Fentanyl is an opiate, but no oral form exists. It comes in IV and transdermal patch forms. It is plenty stronger than morphine, but so are Dilaudid and other opiates. The big benefit and reason we use it in the hospital is that it is rapid-acting, but also wears off quickly. That makes it titratable - we can run it in an IV continuously or in frequent boluses (every 15-60 minutes) to keep patients’ pain down with less risk of overdosing them. In more progressive ICUs, you can treat patients with fentanyl for the discomfort of an endotracheal tube and ventilator and be able to stop sedative and hypnotic medications so they can function better. So we had patients who had to be on ventilators still able to walk laps around the ICU with physical therapy.

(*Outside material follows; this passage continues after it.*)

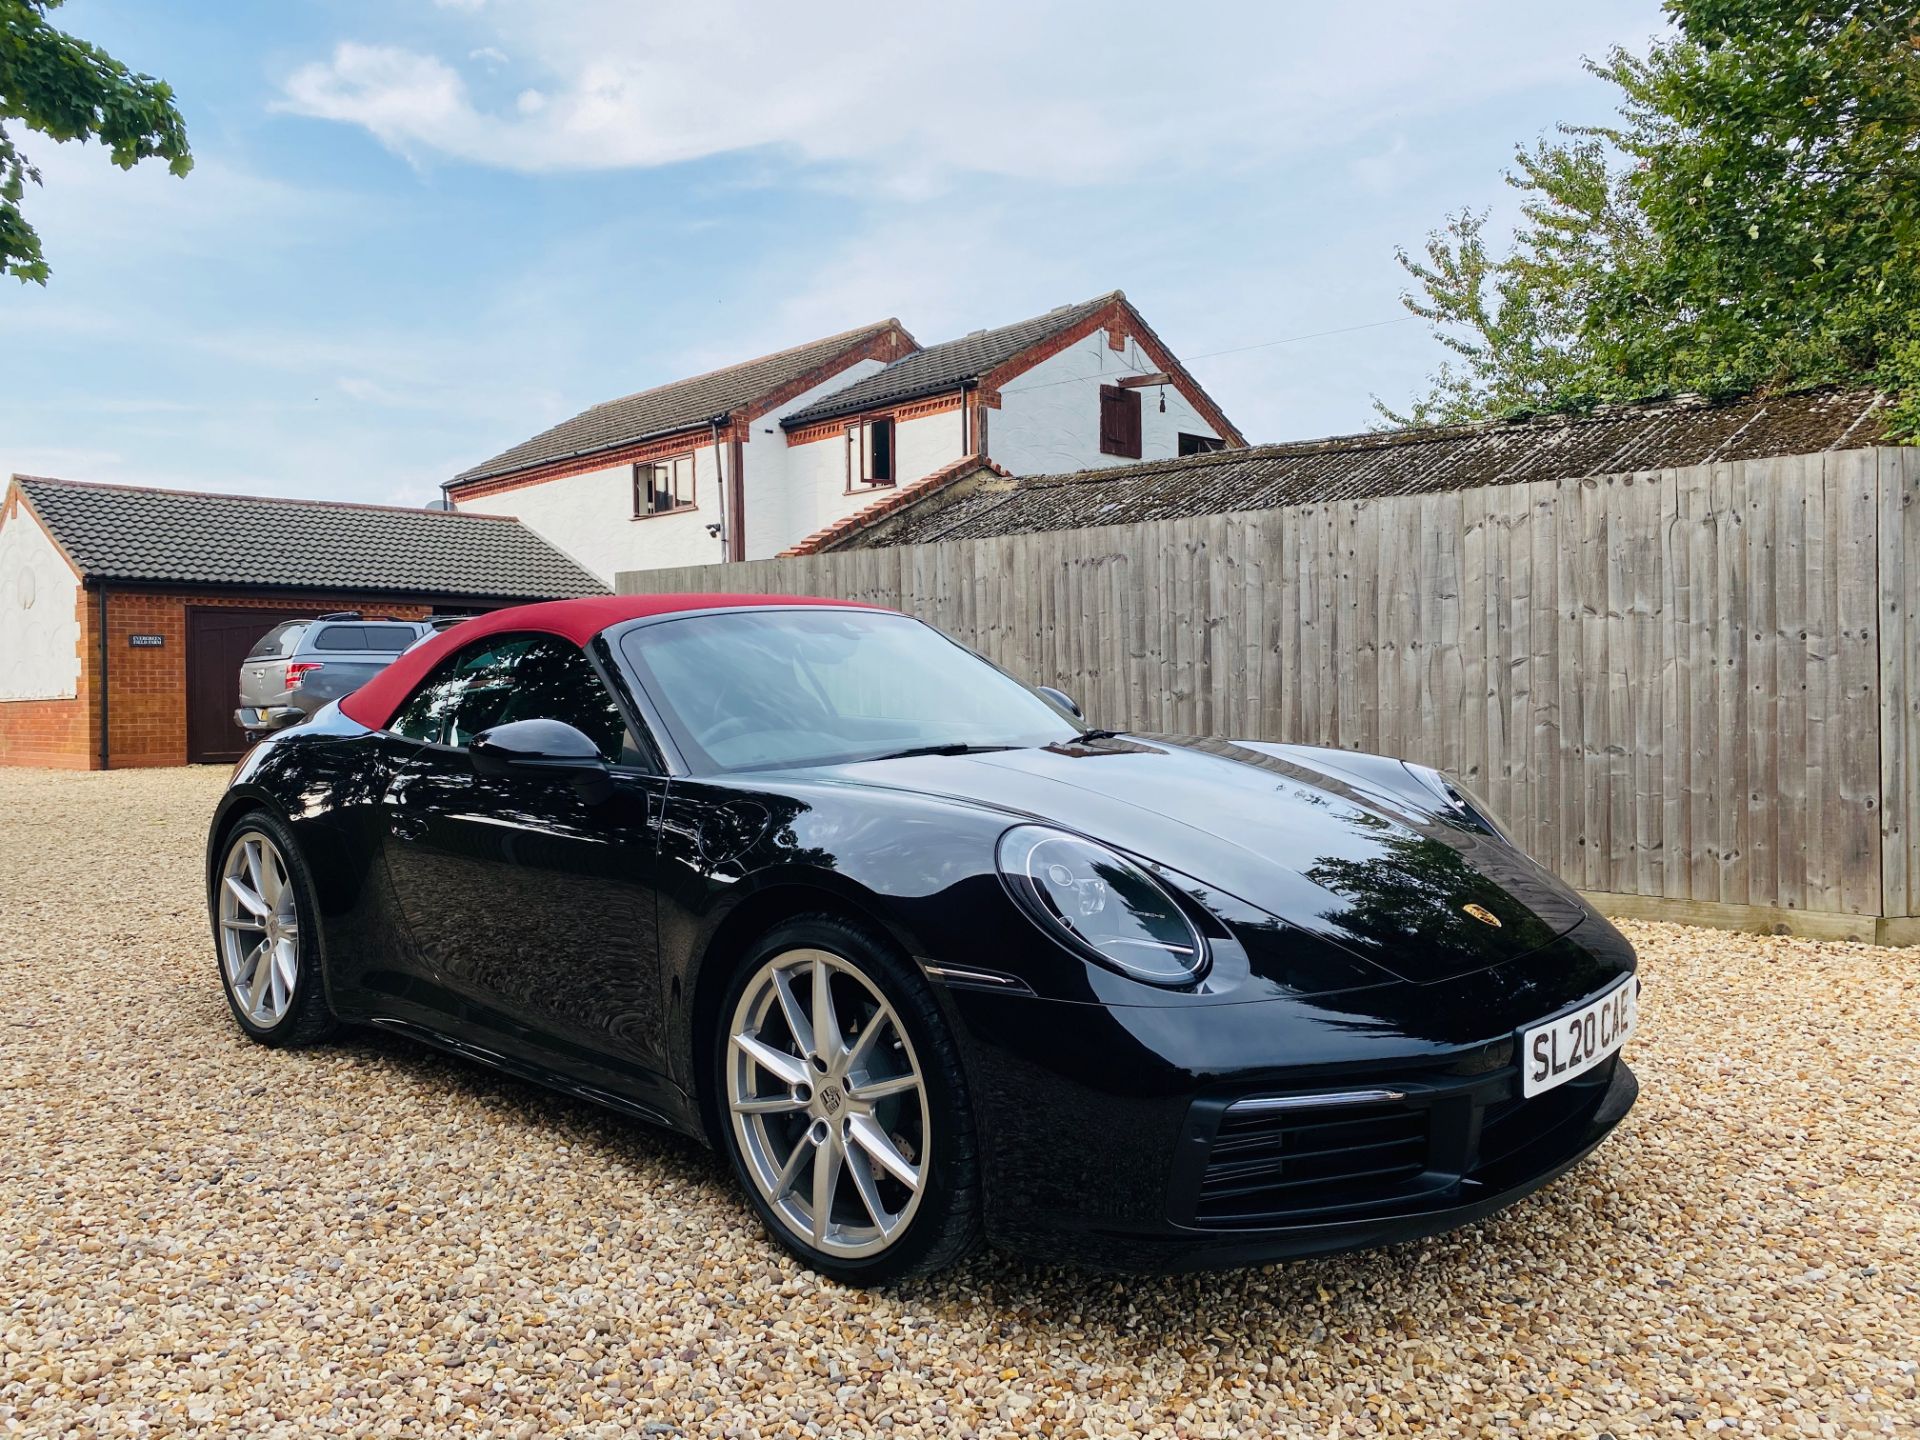 PORSCHE 911 S-A (992) CABRIOLET - 20 REG - CHRONO PACK - SPORTS EXHAUST - ALL NEW MODEL - WOW!!!! - Image 16 of 39
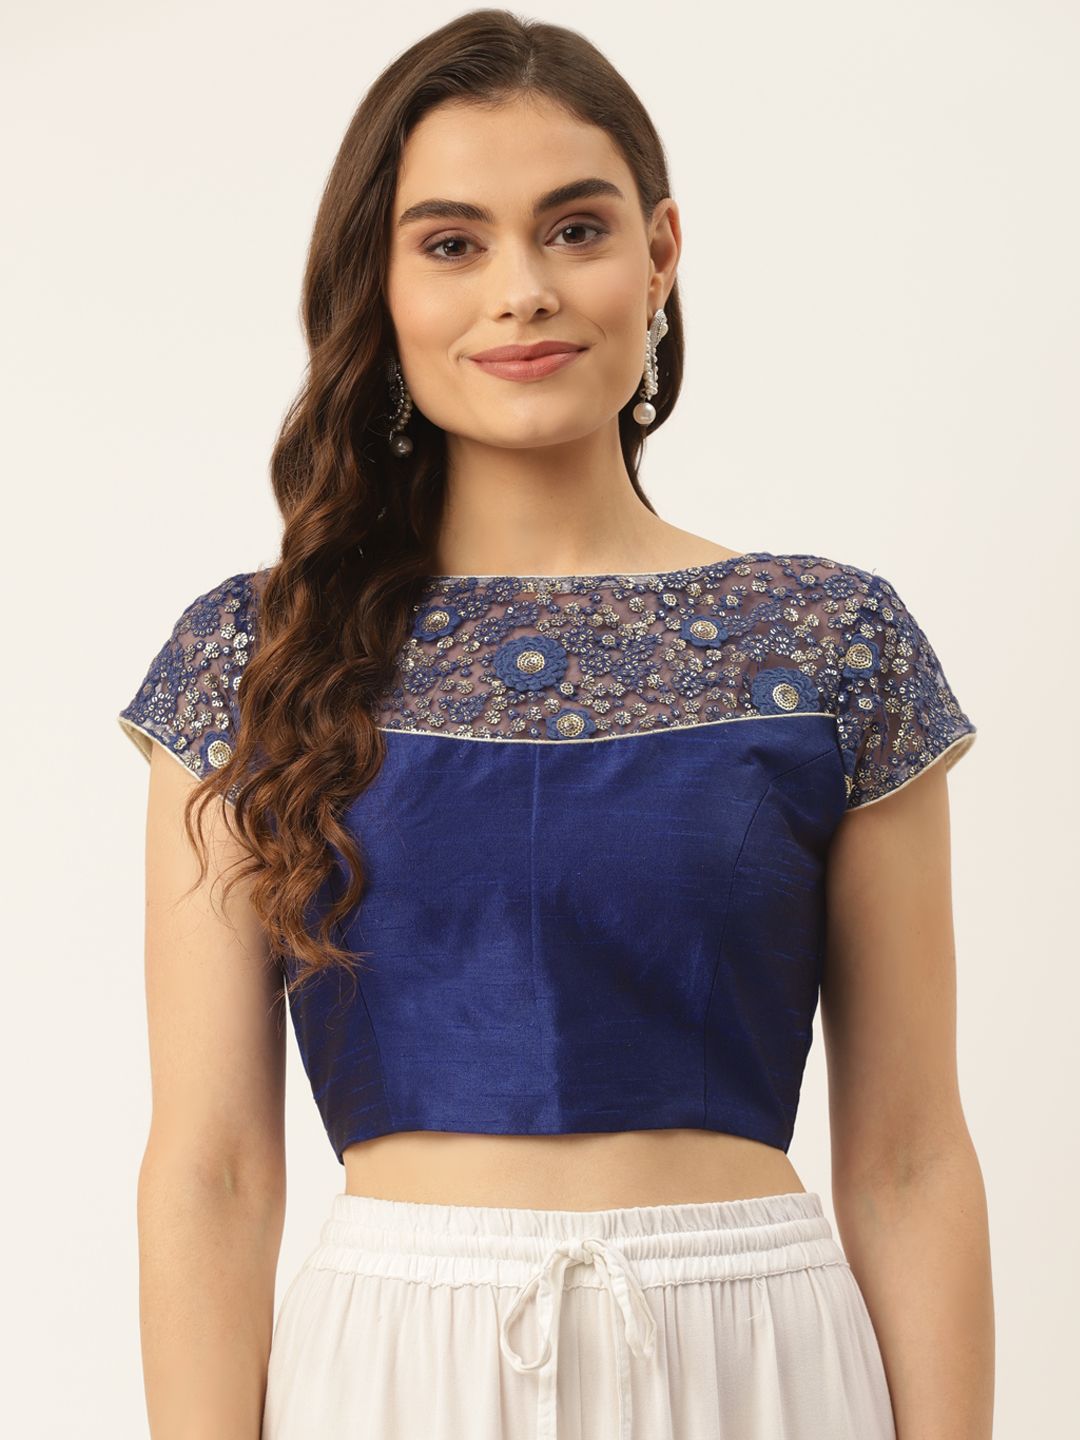 NDS Niharikaa Designer Studio Blue Thread Work Embroidered Readymade Blouse Price in India

Outpatient, fentanyl patches are helpful for cancer and hospice patients, but there are plenty of chronic pain patients who end up with them too. Fentanyl is fat soluble, so it may not be a good choice in skinny/cachectic patients (they’ll just pee it out). One guy came in to clinic with 200mcg of fentanyl patches, but that’s what “worked” for him so he would not be convinced that at 200mcg it really was NOT working for him at all.
As far as abuse goes, some people will heat up the patches to cause the drug to be released faster (normally they’re 72 hour patches). The liquid form would be injected.
I didn’t really know about inhaled fentanyl. Cool! for anesthesia. I didn’t realize it could contaminate things per the CDC, including agriculture and water. I would have thought it would break down faster. Most likely the intent for the Boston fentanyl was sale to IV drug abusers, though.
I'm just curious due to Q's drop that seems to insinuate that the big fentanyl bust was an attack on "big pharma". And the attack on DJT was revenge for that attack. AND how MS-13 or any other gang or cartel may be involved.
So many questions.
p.s. Thanks so much for that very educational post.